Domaine Elodie Jaume
Châteauneuf-du-Pape, Southern Rhône, France
Change was afoot at Domaine des Chanssaud when the young Elodie Jaume took charge in 2023 as the first woman head of the estate since its establishment in 1826. Elodie had already been the winemaker for her family’s domaine for many years prior, so this shift did not necessarily involve a stylistic change in the wines. However she changed the name of the estate to the eponymous Domaine Elodie Jaume, an event that marked the start of a new image, new ideas, and a renewed energy in the vines and in the cellar.

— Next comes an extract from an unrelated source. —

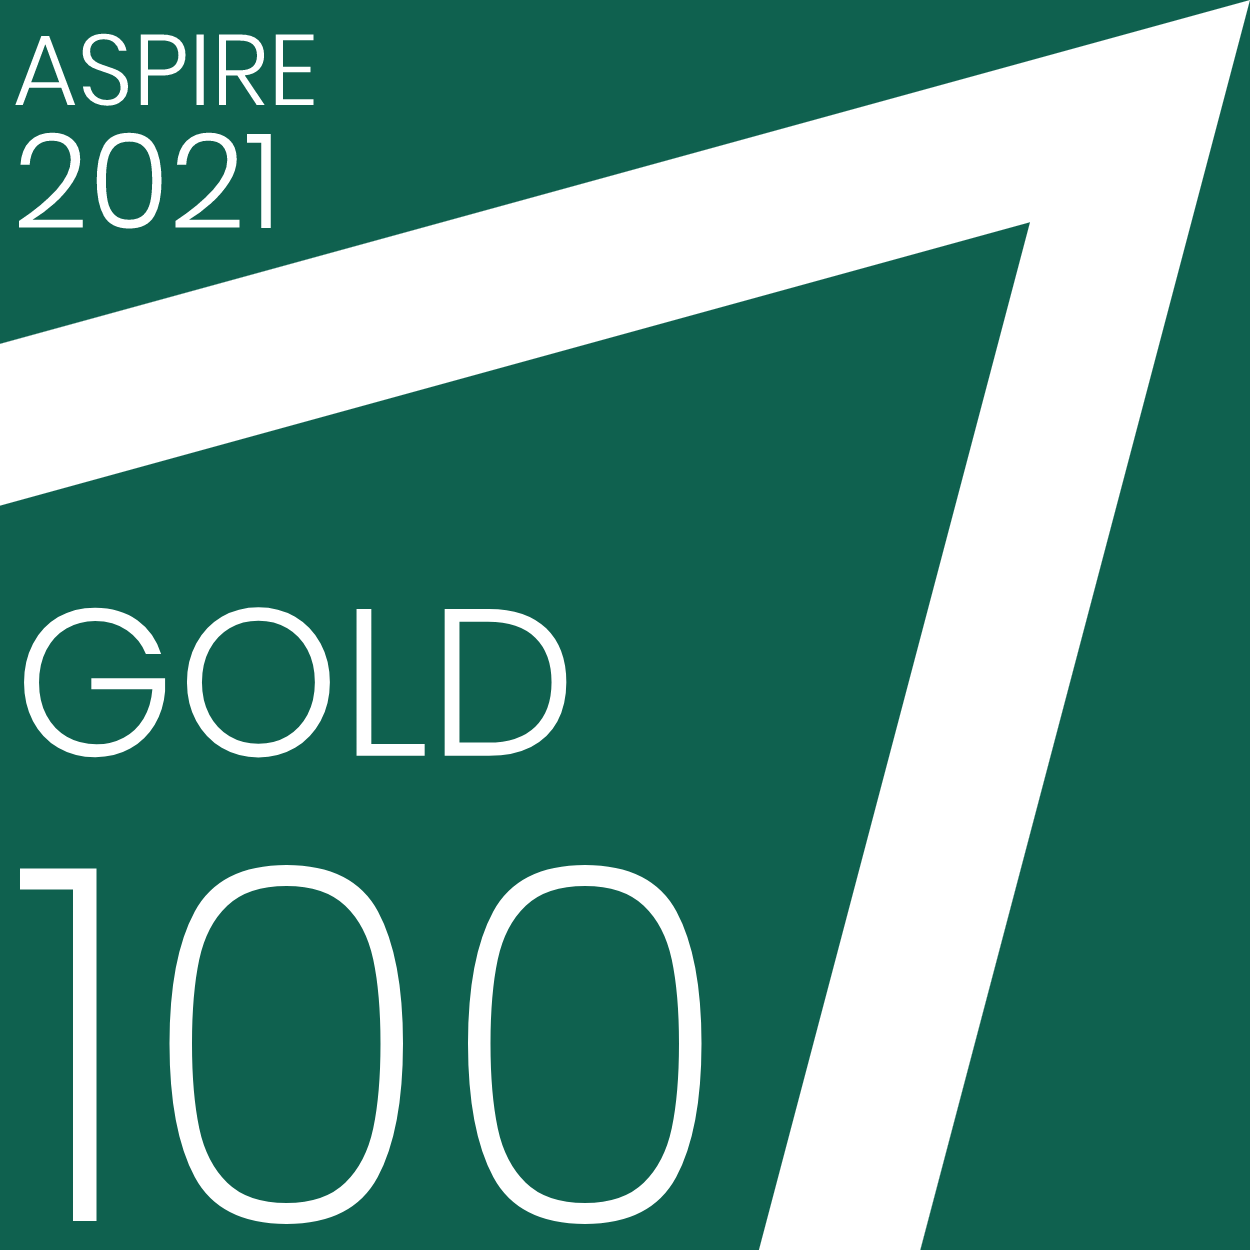 Aspire 2021, Gold Award, 100%

The soils and vineyards here have been farmed organically since 1996, with the winery becoming fully certified organic in 2012. Elodie began the conversion to biodynamic in 2017 which she has since completed on the entirety of the estate. She works the vineyards by horse, uses sheep to graze, keeps bees, and has been reintroducing native shrubs and plants to restore some much-needed biodiversity to what has become a heavily monocultural landscape in this region of the Rhône.

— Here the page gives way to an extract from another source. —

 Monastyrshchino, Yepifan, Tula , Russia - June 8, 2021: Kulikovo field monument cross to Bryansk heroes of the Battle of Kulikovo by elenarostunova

Her ‘house’ style puts a key focus on fruit purity, using essentially no wood at all, and instead favouring large traditional concrete tanks for almost the entire range, as well as the limited use of amphorae and concrete eggs. It is how her father and grandfather used to traditionally vinify their wines and it remains the preference today. This ensures the maximum expression of these very old vineyards, for the most part averaging 70-80 years old (with the oldest vines pushing 100 years old).

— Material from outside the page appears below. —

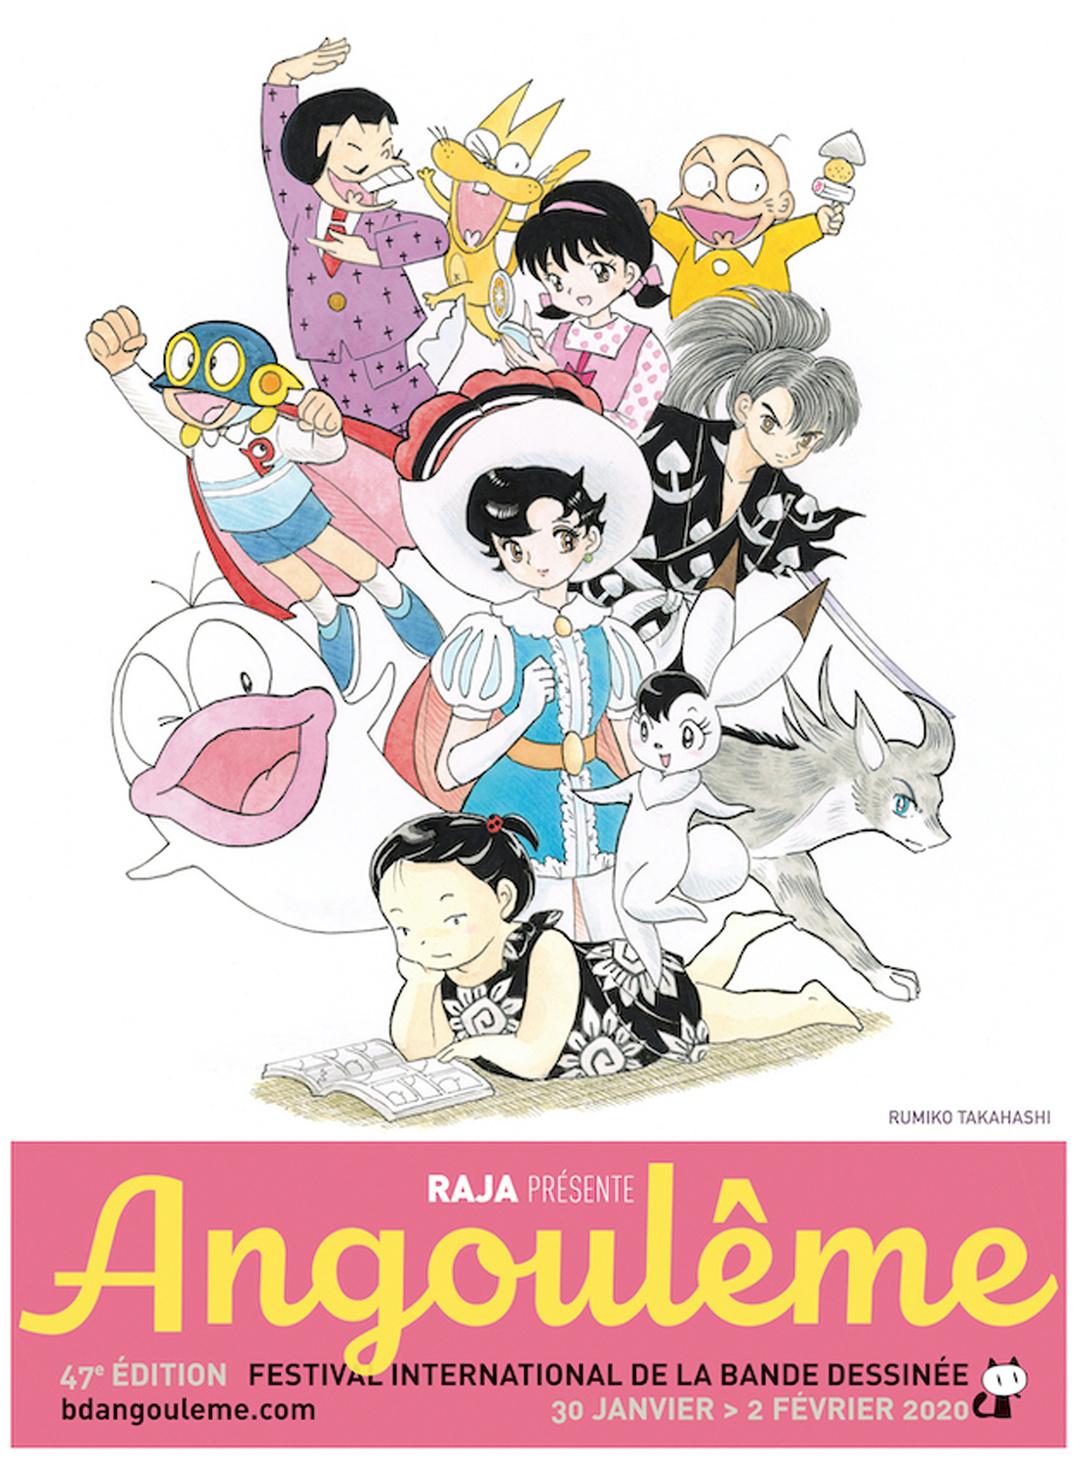 Een van de affiches voor het stripfestival van Angoulême 2020.

In recent years this northern part of the appellation has become more sought after for its slightly cooler sites, and its sandy soils that produce more refined and less concentrated expressions of the dominant Grenache and its typical ‘vinemates’ Carignan, Syrah, and Mourvedre amongst others.
In a region as traditional as Châteauneuf-du-Pape, Elodie is a real breath of fresh air. Her delicate touch in the vines and in the cellar has been slowly redefining the character and ultimately the potential of the appellation’s future. In the process she is also re-writing the story of her family domaine after nearly a century.